The Young Vic revived After Miss Julie in March 2012 as its first production of Classics for A New Climate. It was directed by Natalie Abrahami. Natalie Dormer played the title role, Kieran Bew John, and Polly Frame Christine. The production was sold out with Natalie Dormer receiving particularly high praise. Sarah Hemming of the Financial Times gave it 4 out of 5 stars as did Lyn Gardner in The Guardian calling it 'Natalie Abrahami's compulsively watchable revival'

Gothenburg English Studio Theatre in Sweden made a production of After Miss Julie during the spring of 2006. It was directed by Naomi Jones and portrayed by Emma Parsons (Christine), Gary Whitaker (John) and Kristina Brändén Whitaker (Miss Julie).

The regional premiere was at the Theatre by the Lake in Keswick on Friday, 28 July 2006. Its run ended on 1 November 2006. The characters were played by Juliette Goodman (Miss Julie), Guy Parry (John) and Polly Lister (Christine). It was directed by Simon H West. The production was praised for its impact, acting and sexual charge.
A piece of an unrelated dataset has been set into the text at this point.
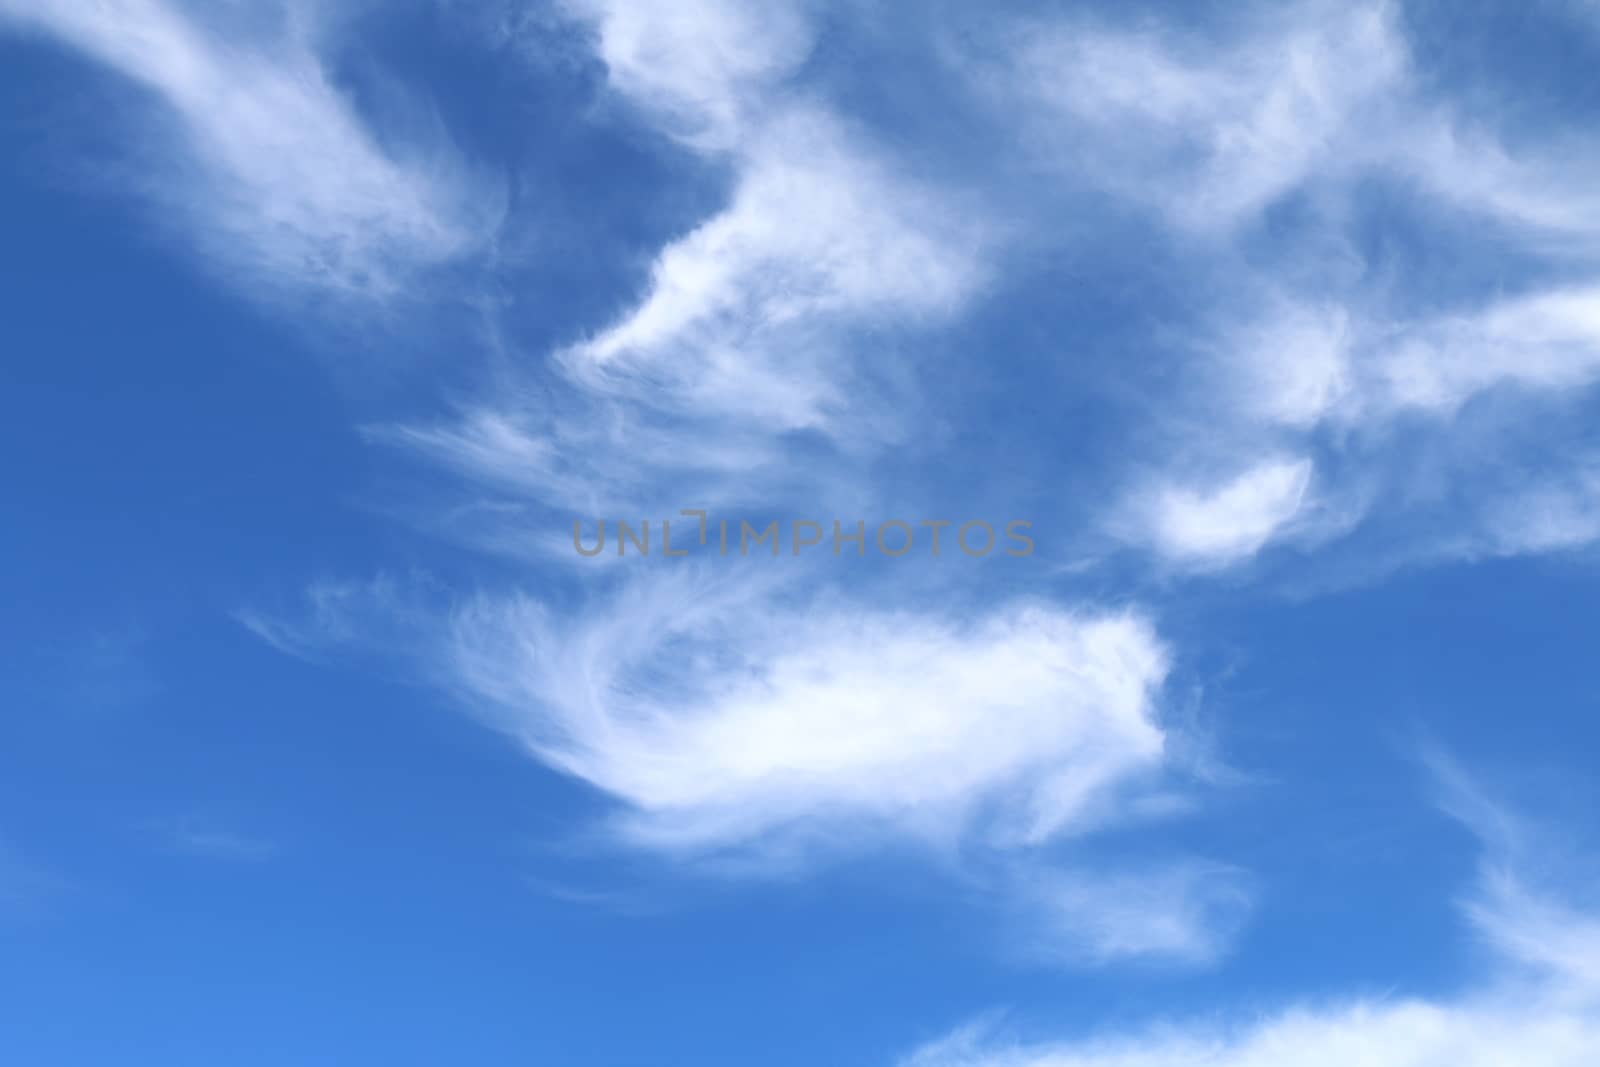 Sky, Clear sky soft cloud, Sky blue background, sky view by cgdeaw
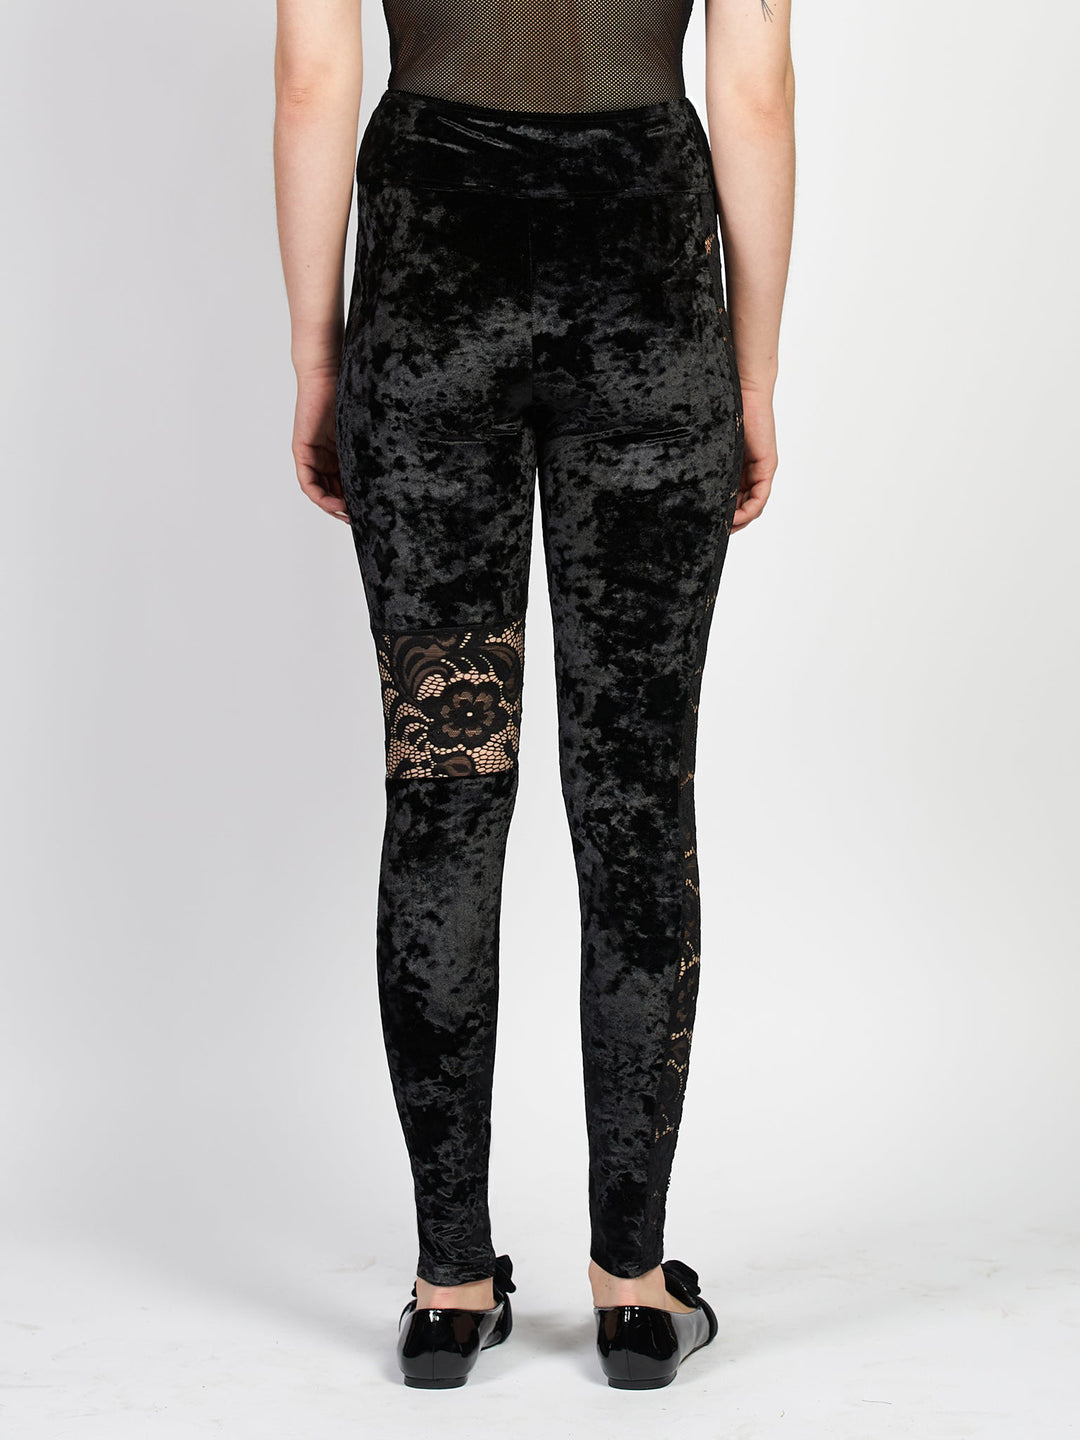 Leggings in Black Velvet and Lace – Amy Page DeBlasio

Salisbury Playhouse produced a production of After Miss Julie from 1–24 October 2009, directed by Tom Daley.

===Broadway===
The Roundabout Theatre Company produced the Broadway premiere on 22 October 2009 at the American Airlines Theatre to mixed reviews. It starred Sienna Miller (Miss Julie), Jonny Lee Miller (John) and Marin Ireland (Christine), and was directed by Mark Brokaw with light designs by Mark McCullough.